É comum que uma pessoa trabalhe durante determinado período na iniciativa privada, vinculada ao Regime Geral de Previdência Social, e posteriormente ingresse em cargo público submetido a Regime Próprio de Previdência Social.
Também é possível que o servidor deixe o serviço público e retorne ao RGPS ou passe a ocupar cargo vinculado a outro regime próprio.

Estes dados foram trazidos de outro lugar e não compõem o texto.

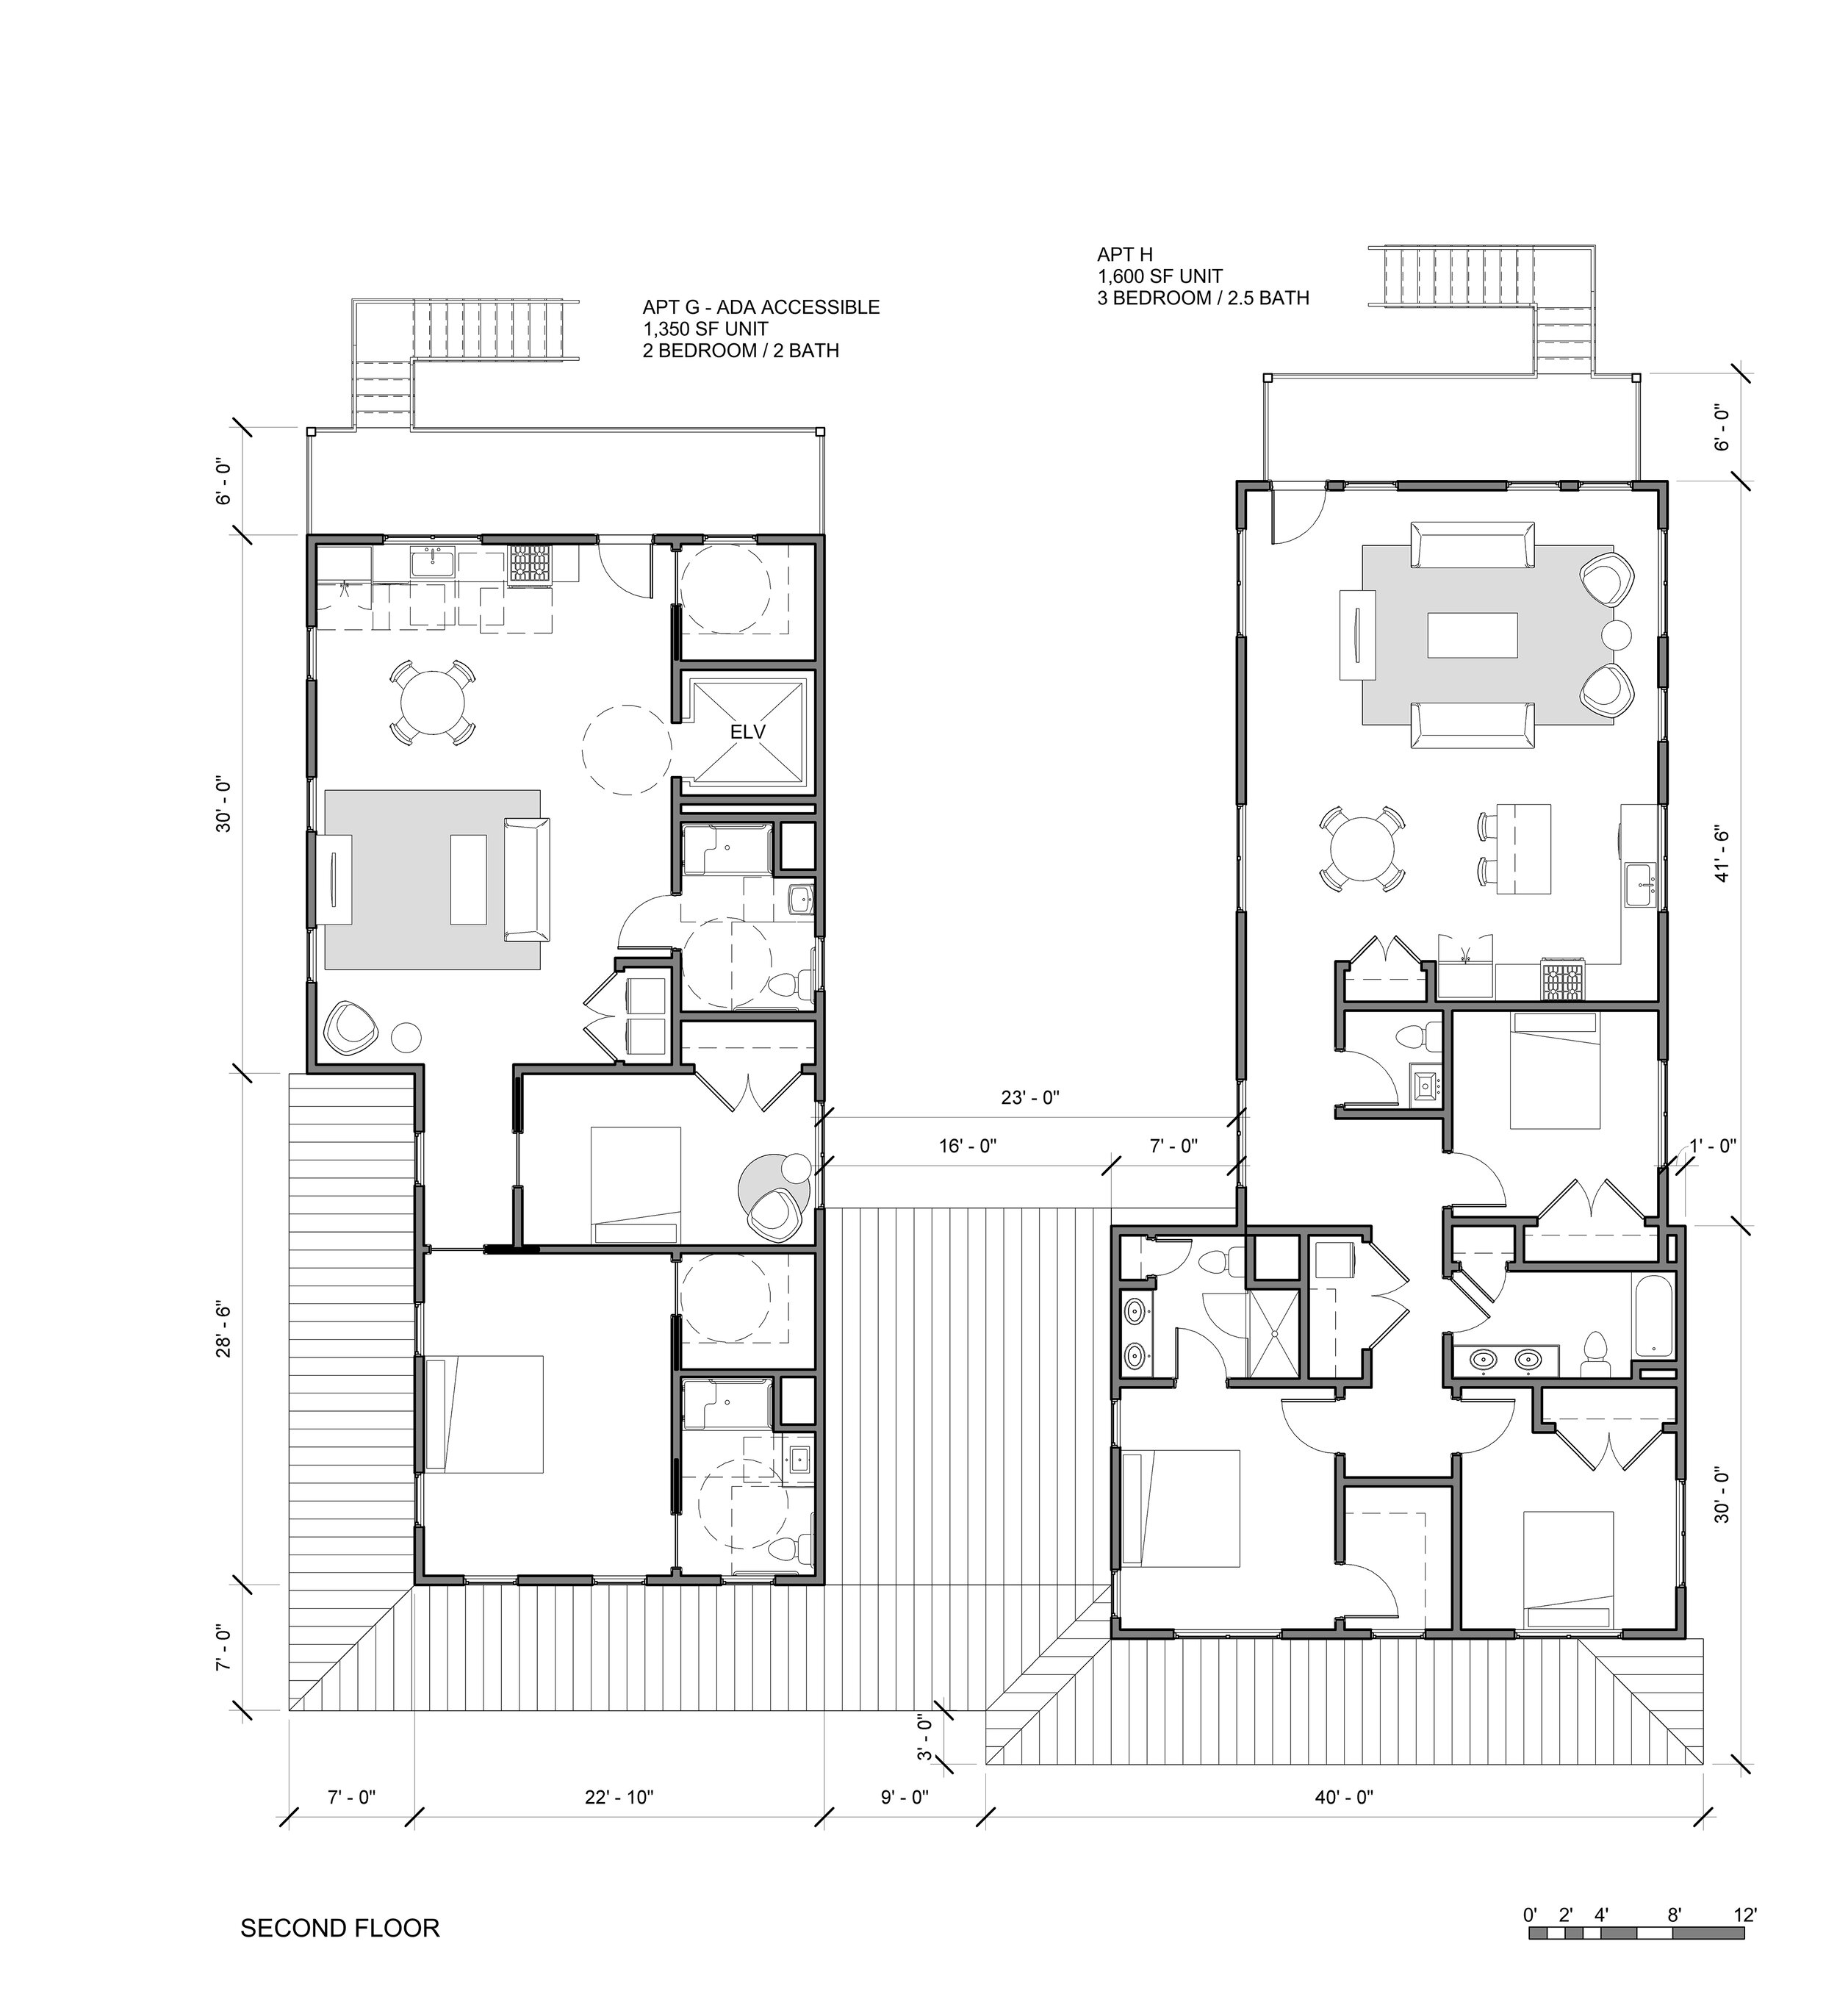 2021-05-17 BRILC Concept Plans - Floor Plan - CAMPBELL AVE MIXED USE UNITS - TOP LEVEL ed.jpg

Nessas hipóteses, surge a necessidade de aproveitar, para fins previdenciários, períodos contributivos reconhecidos por regimes distintos.
A Certidão de Tempo de Contribuição desempenha papel central nesse procedimento.
O que é a Certidão de Tempo de Contribuição?
A Certidão de Tempo de Contribuição, conhecida pela sigla CTC, é o documento emitido pelo regime previdenciário de origem destinado a certificar períodos de contribuição para que possam ser aproveitados em outro regime.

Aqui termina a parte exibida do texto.